Data items:
++++++++

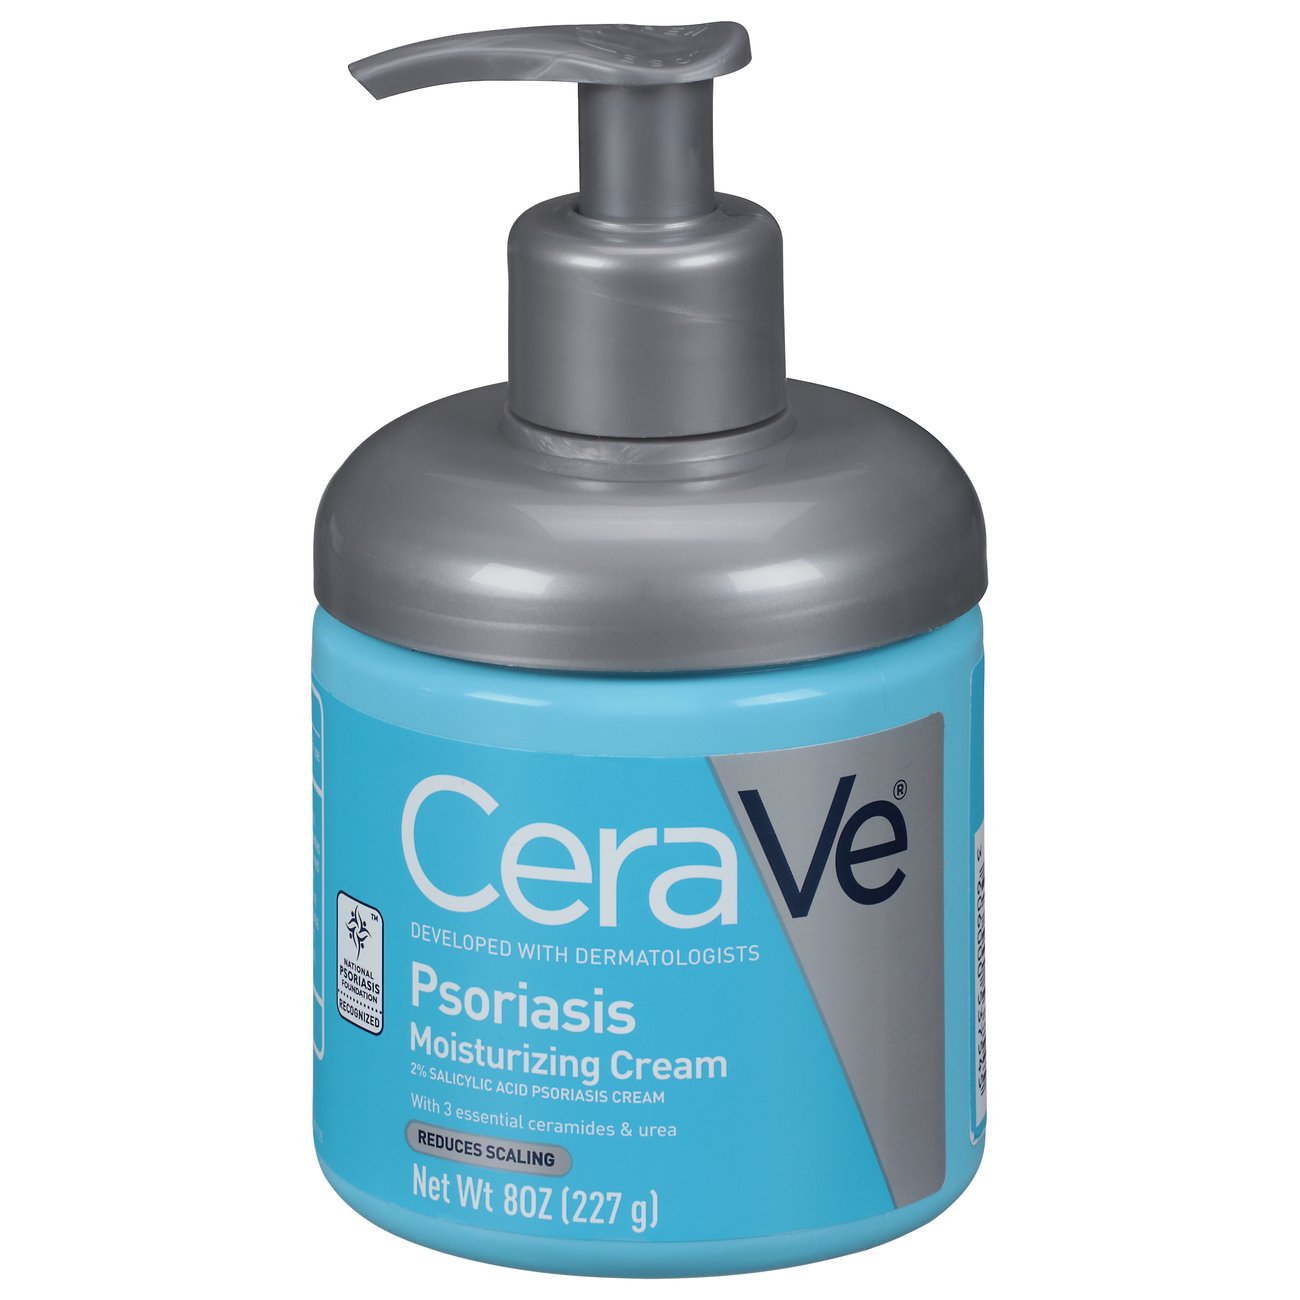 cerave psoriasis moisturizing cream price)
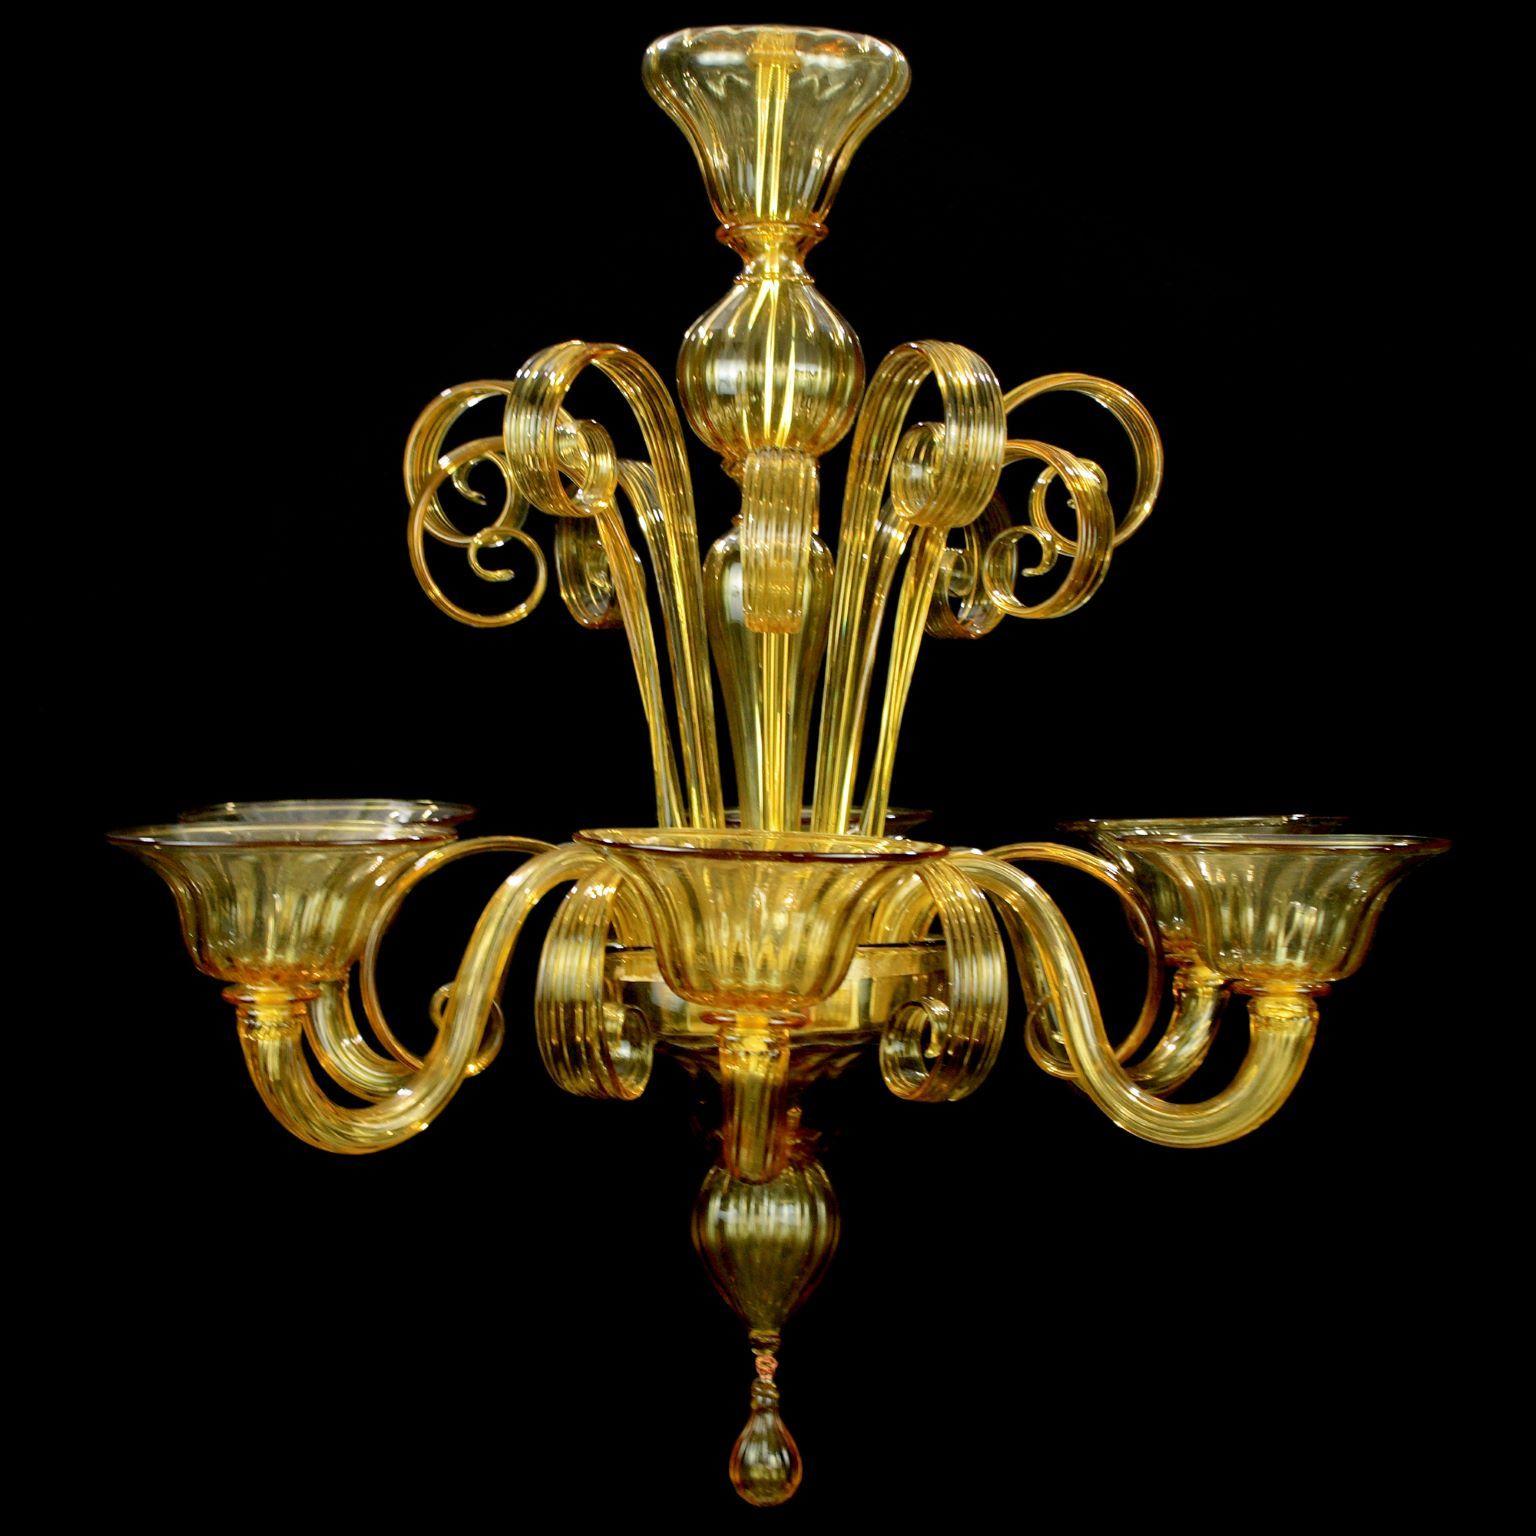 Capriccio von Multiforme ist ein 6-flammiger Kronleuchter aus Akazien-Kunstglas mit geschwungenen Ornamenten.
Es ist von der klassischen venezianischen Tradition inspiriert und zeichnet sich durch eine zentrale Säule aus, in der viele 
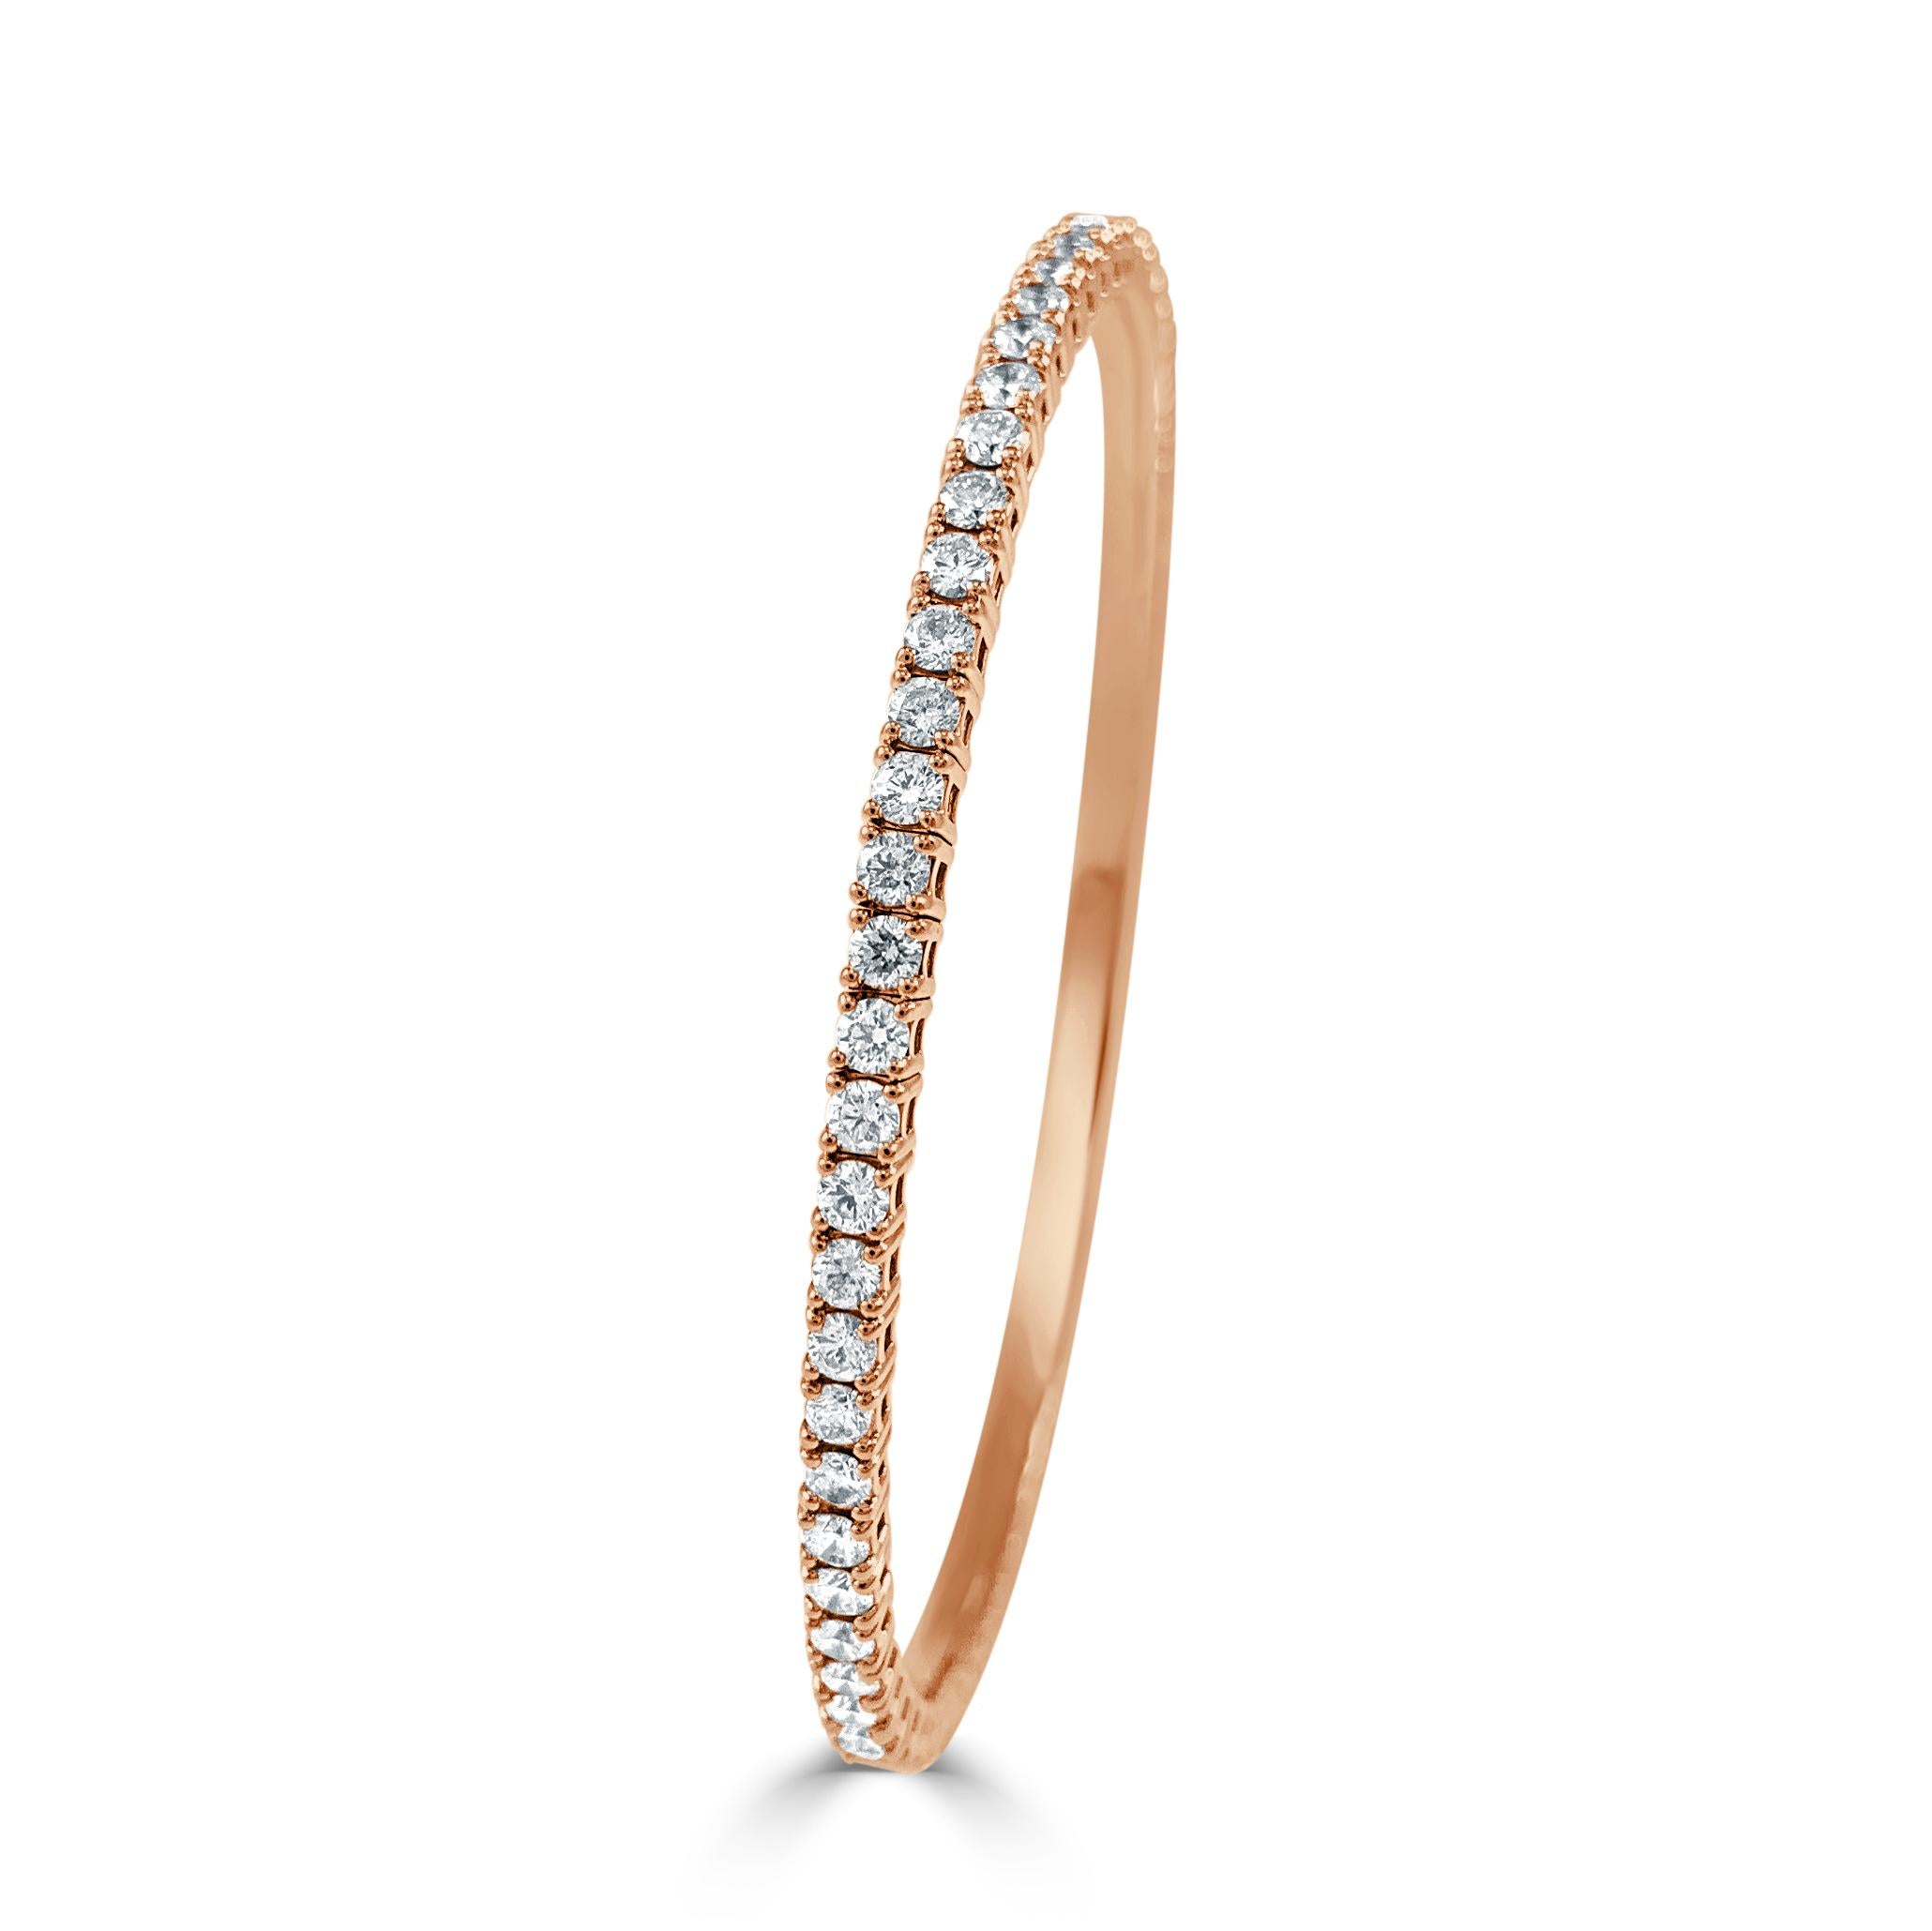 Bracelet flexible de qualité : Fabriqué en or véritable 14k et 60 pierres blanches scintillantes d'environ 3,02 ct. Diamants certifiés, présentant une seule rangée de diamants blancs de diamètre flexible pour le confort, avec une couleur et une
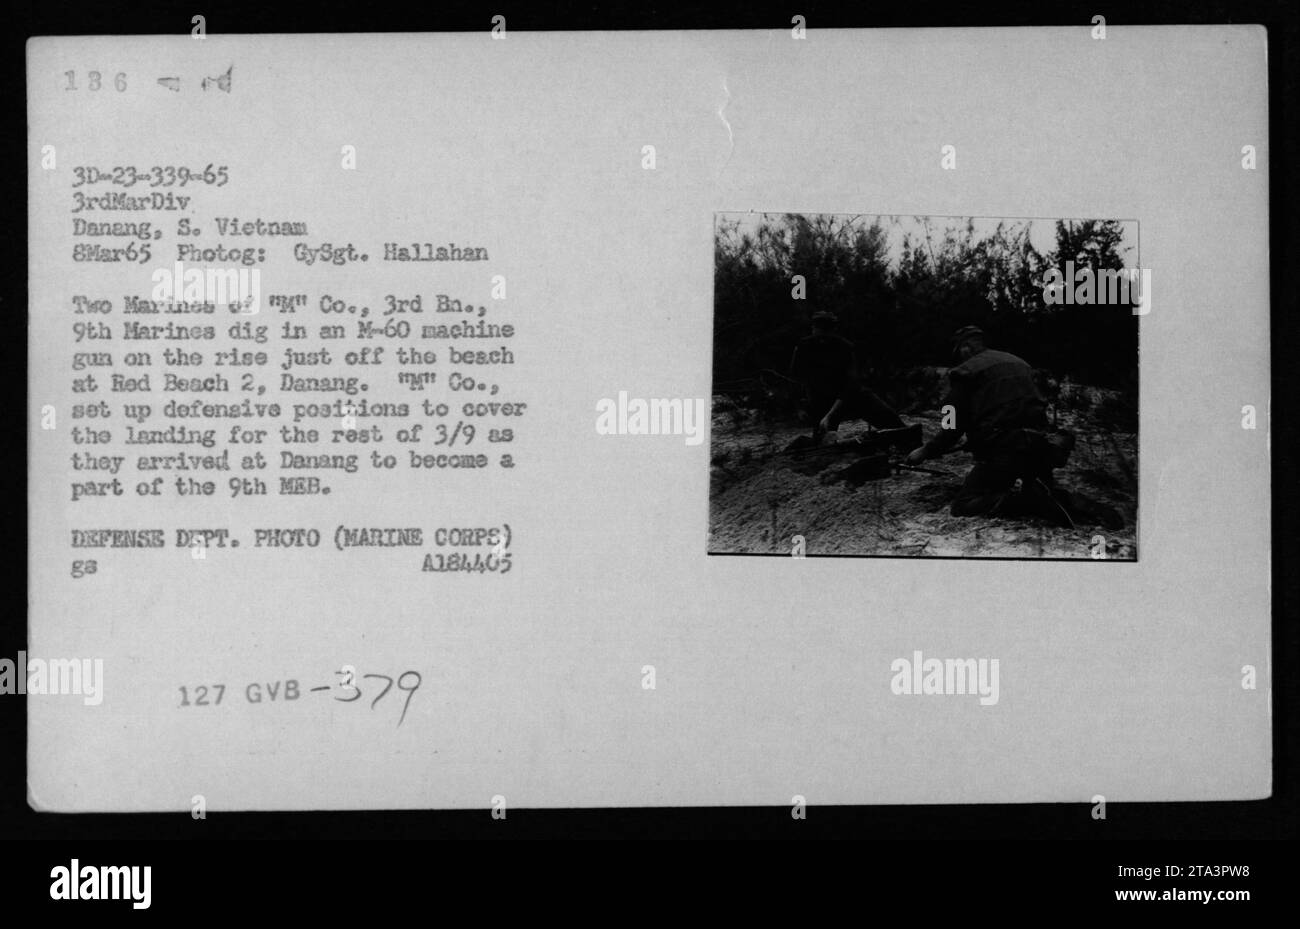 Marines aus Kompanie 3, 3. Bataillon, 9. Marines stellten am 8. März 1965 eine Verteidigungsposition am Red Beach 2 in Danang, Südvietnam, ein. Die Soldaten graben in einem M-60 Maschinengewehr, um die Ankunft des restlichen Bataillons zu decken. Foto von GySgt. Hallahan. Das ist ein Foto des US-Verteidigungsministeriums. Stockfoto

++++++++

Exact copy, pictures excluded: every line above from the one containing "Capriccio von Multiforme" to the one containing "Es ist von der", inclusive, and nothing more.

 Capriccio von Multiforme ist ein 6-flammiger Kronleuchter aus Akazien-Kunstglas mit geschwungenen Ornamenten.
Es ist von der klassischen venezianischen Tradition inspiriert und zeichnet sich durch eine zentrale Säule aus, in der viele 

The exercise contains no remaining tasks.